### Information shown
______
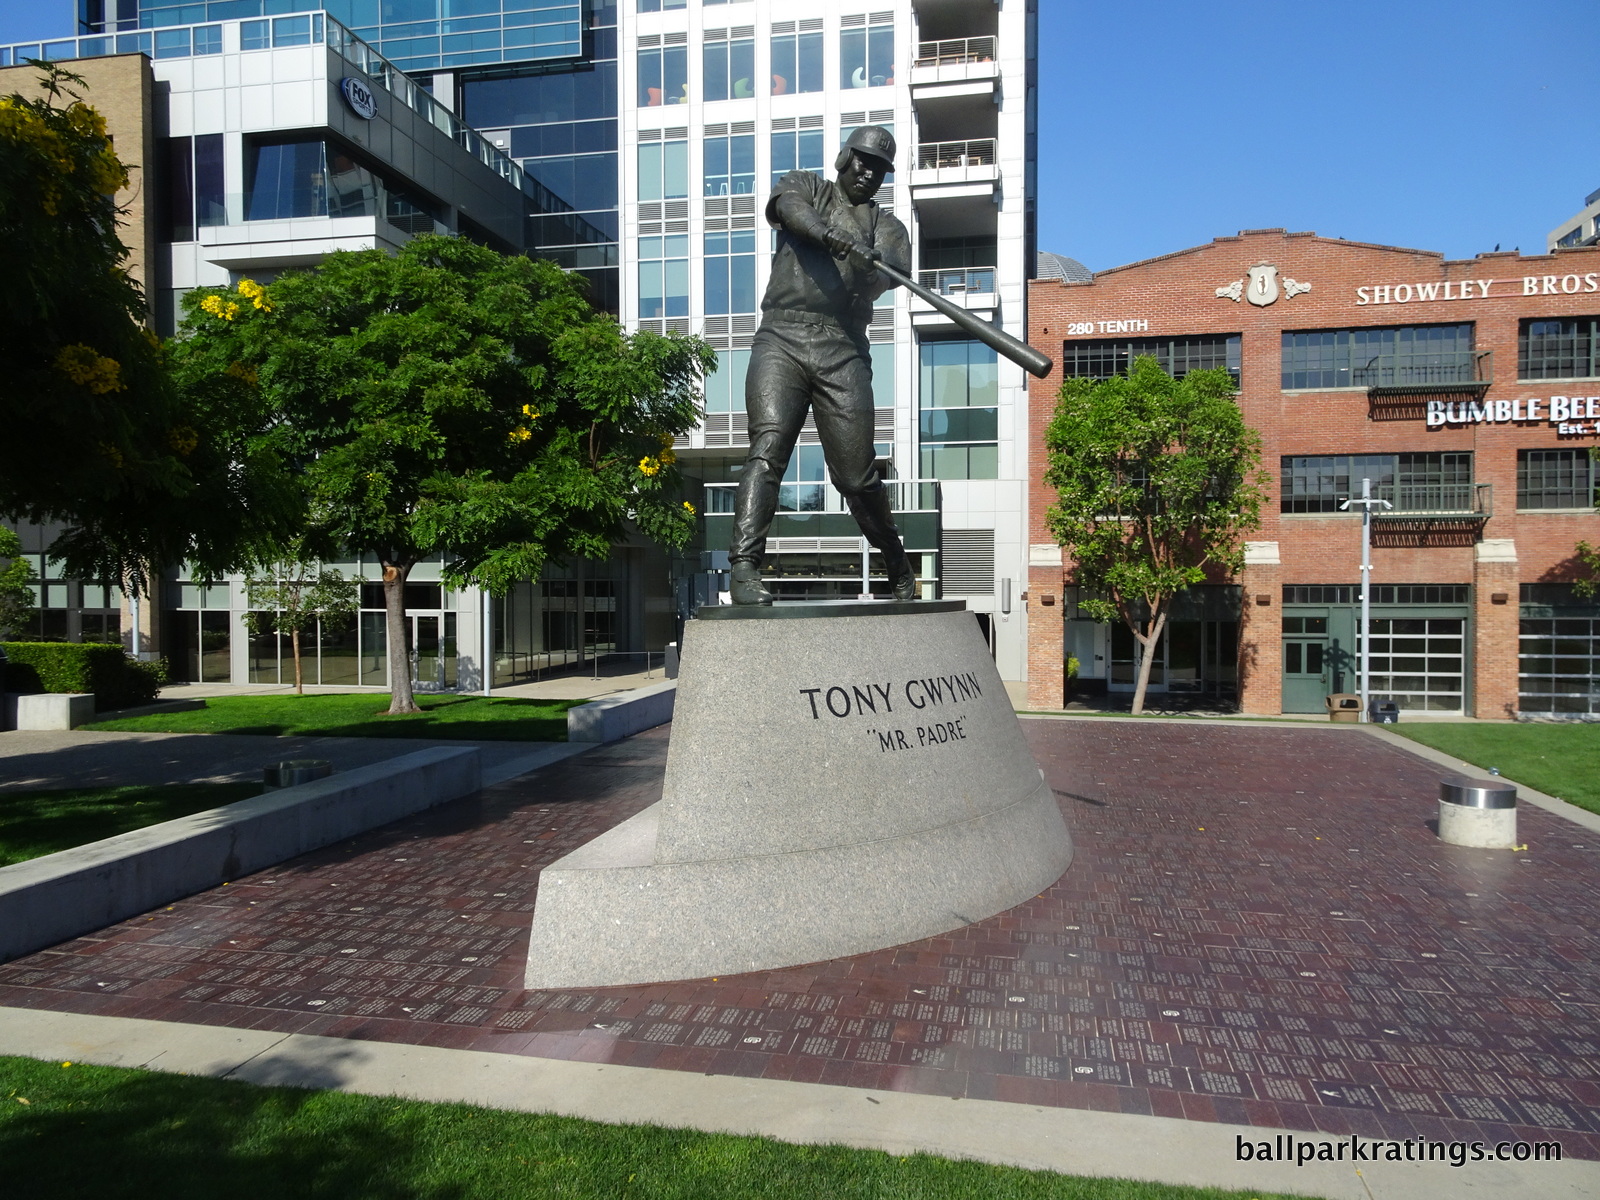 Tony Gwynn "Mr. Padre" statue Petco Park
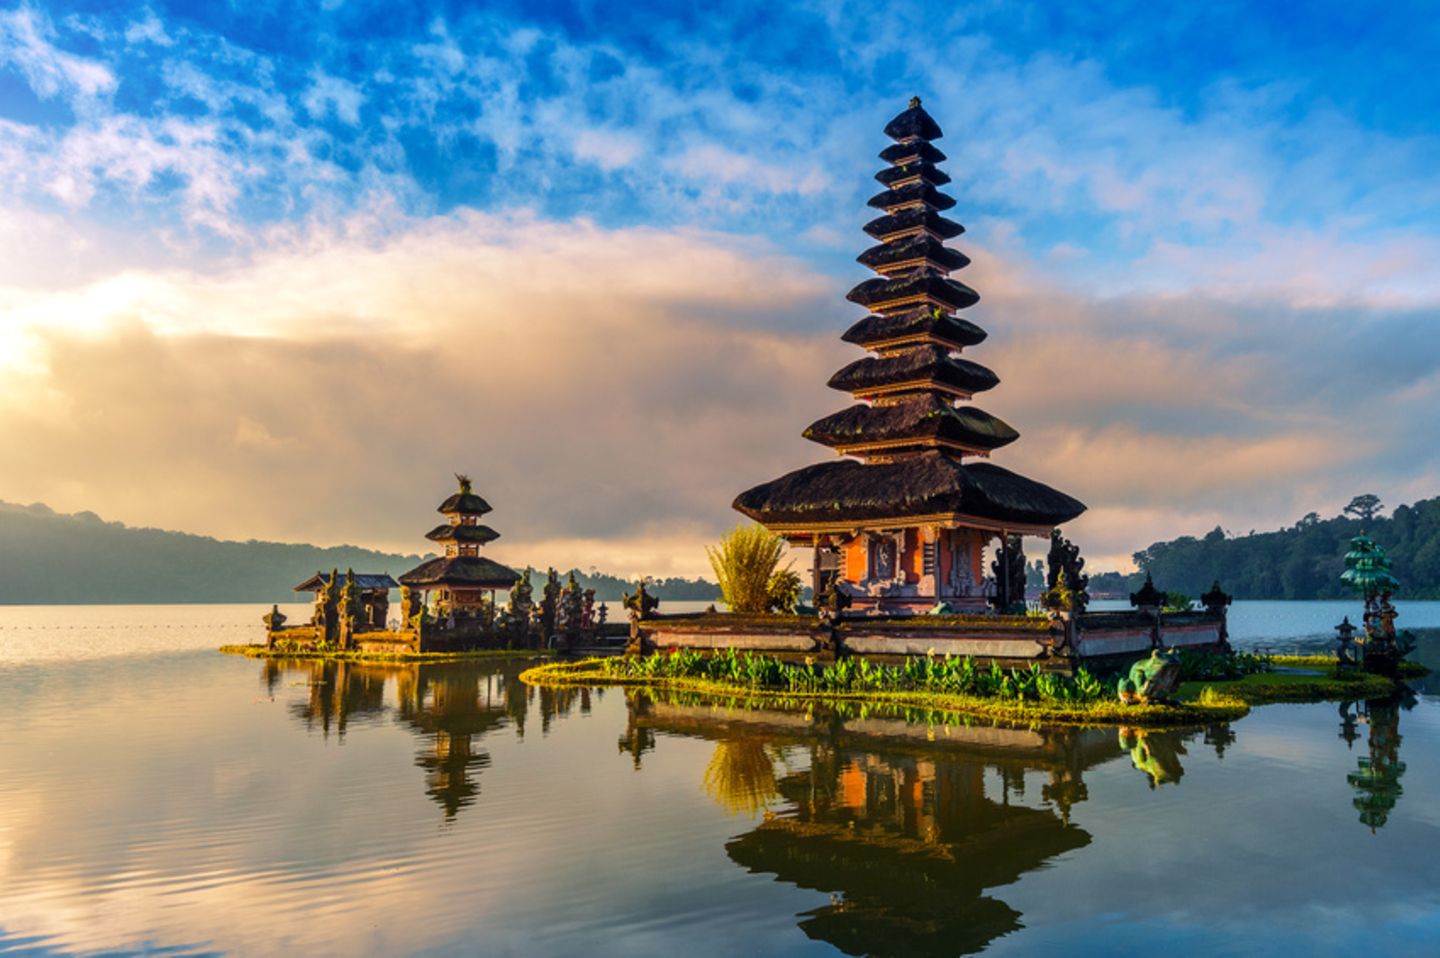 Bali Insel voller Sehenswürdigkeiten [GEO]
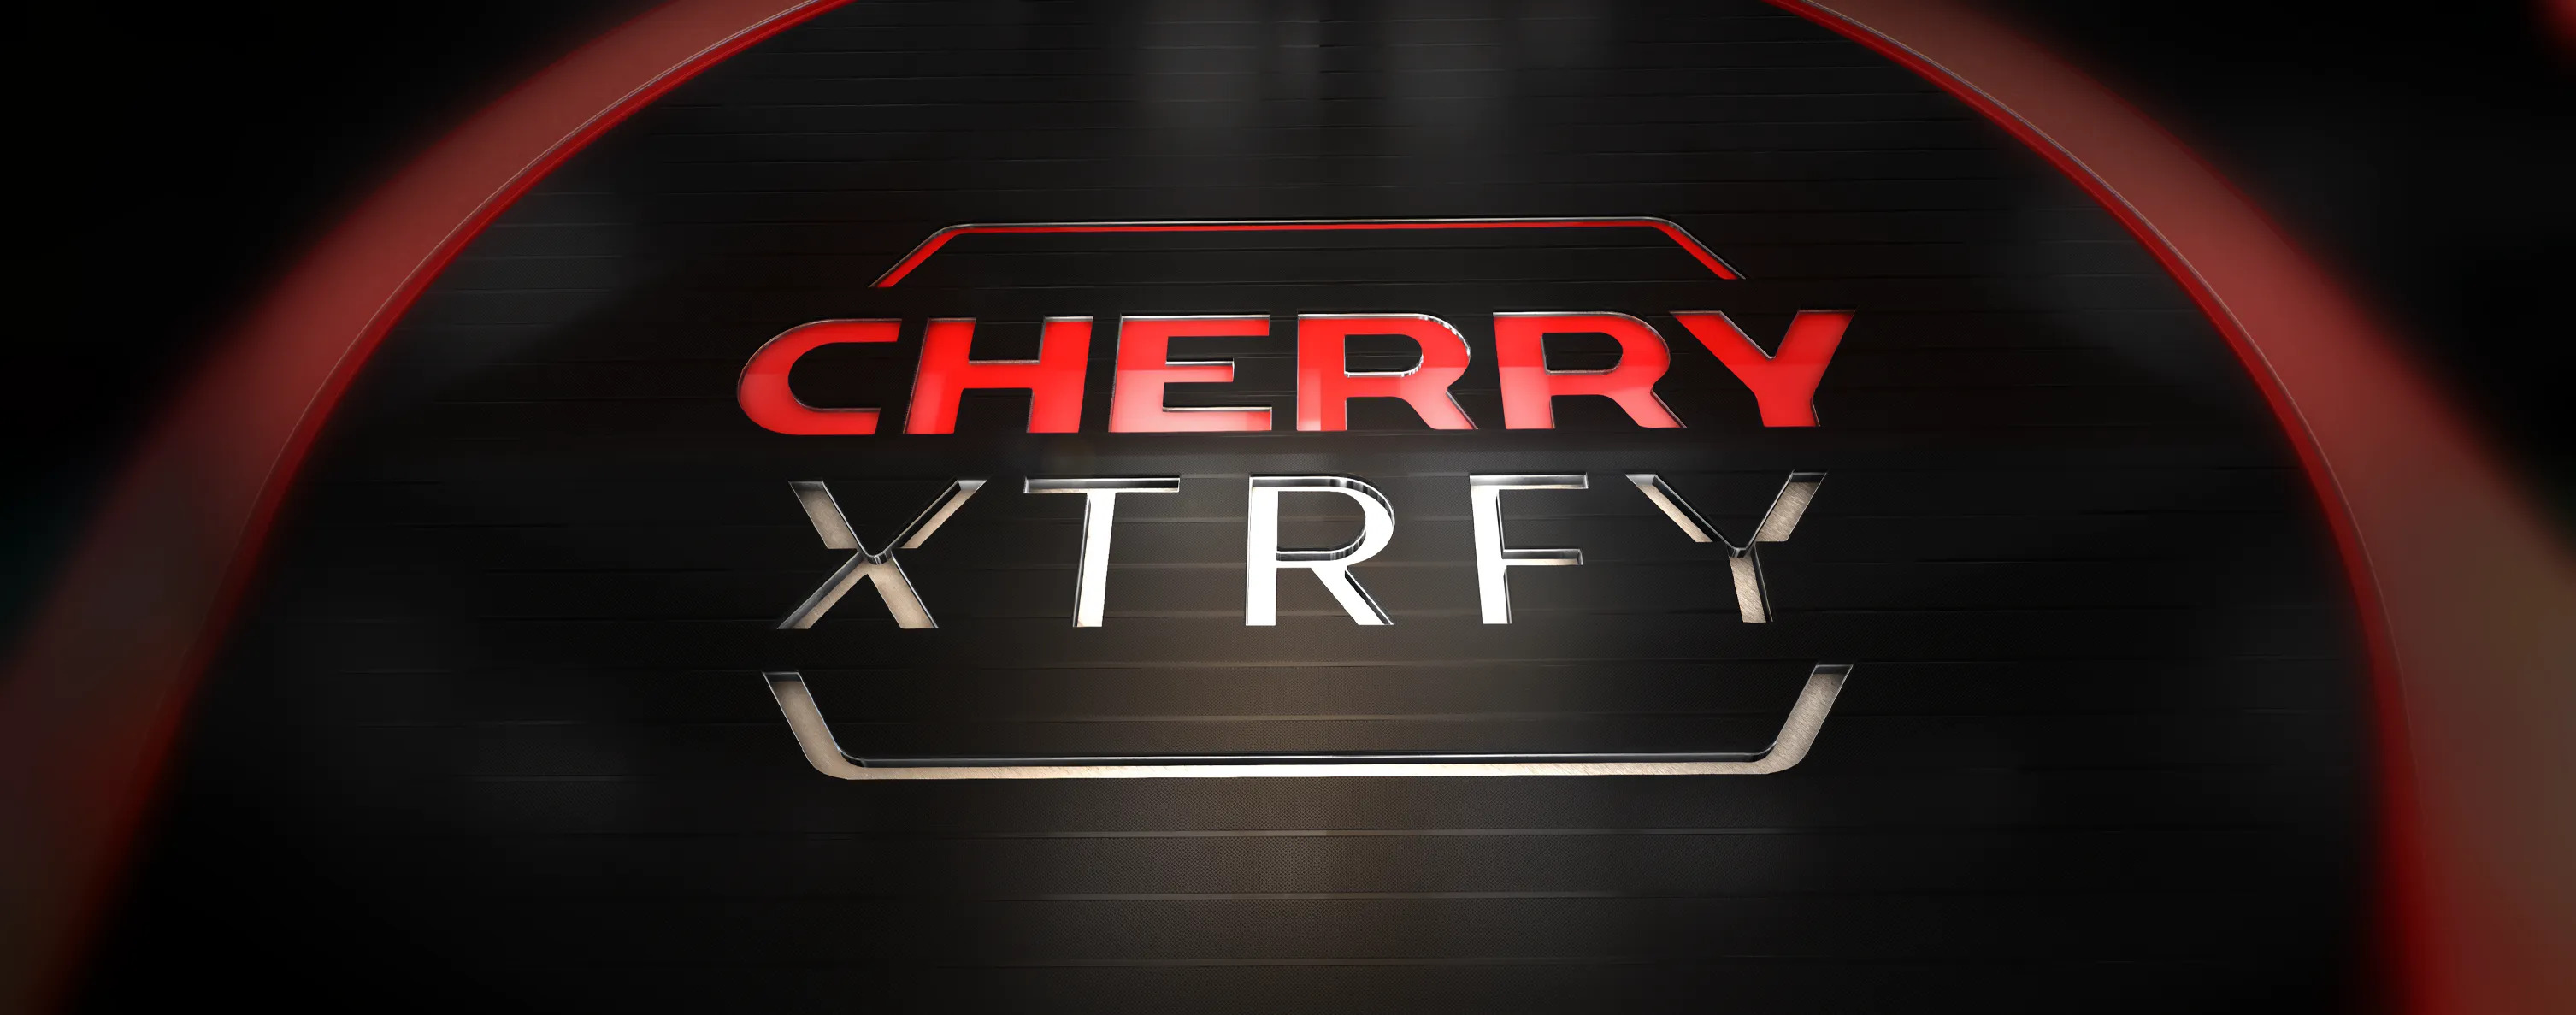 Cherry Xtrfy Logo 3d
______
A verbatim copy of the data, with all pictures omitted, is the required output.

### Result of the task
 Tony Gwynn "Mr. Padre" statue Petco Park
 Bali Insel voller Sehenswürdigkeiten [GEO]
 Cherry Xtrfy Logo 3d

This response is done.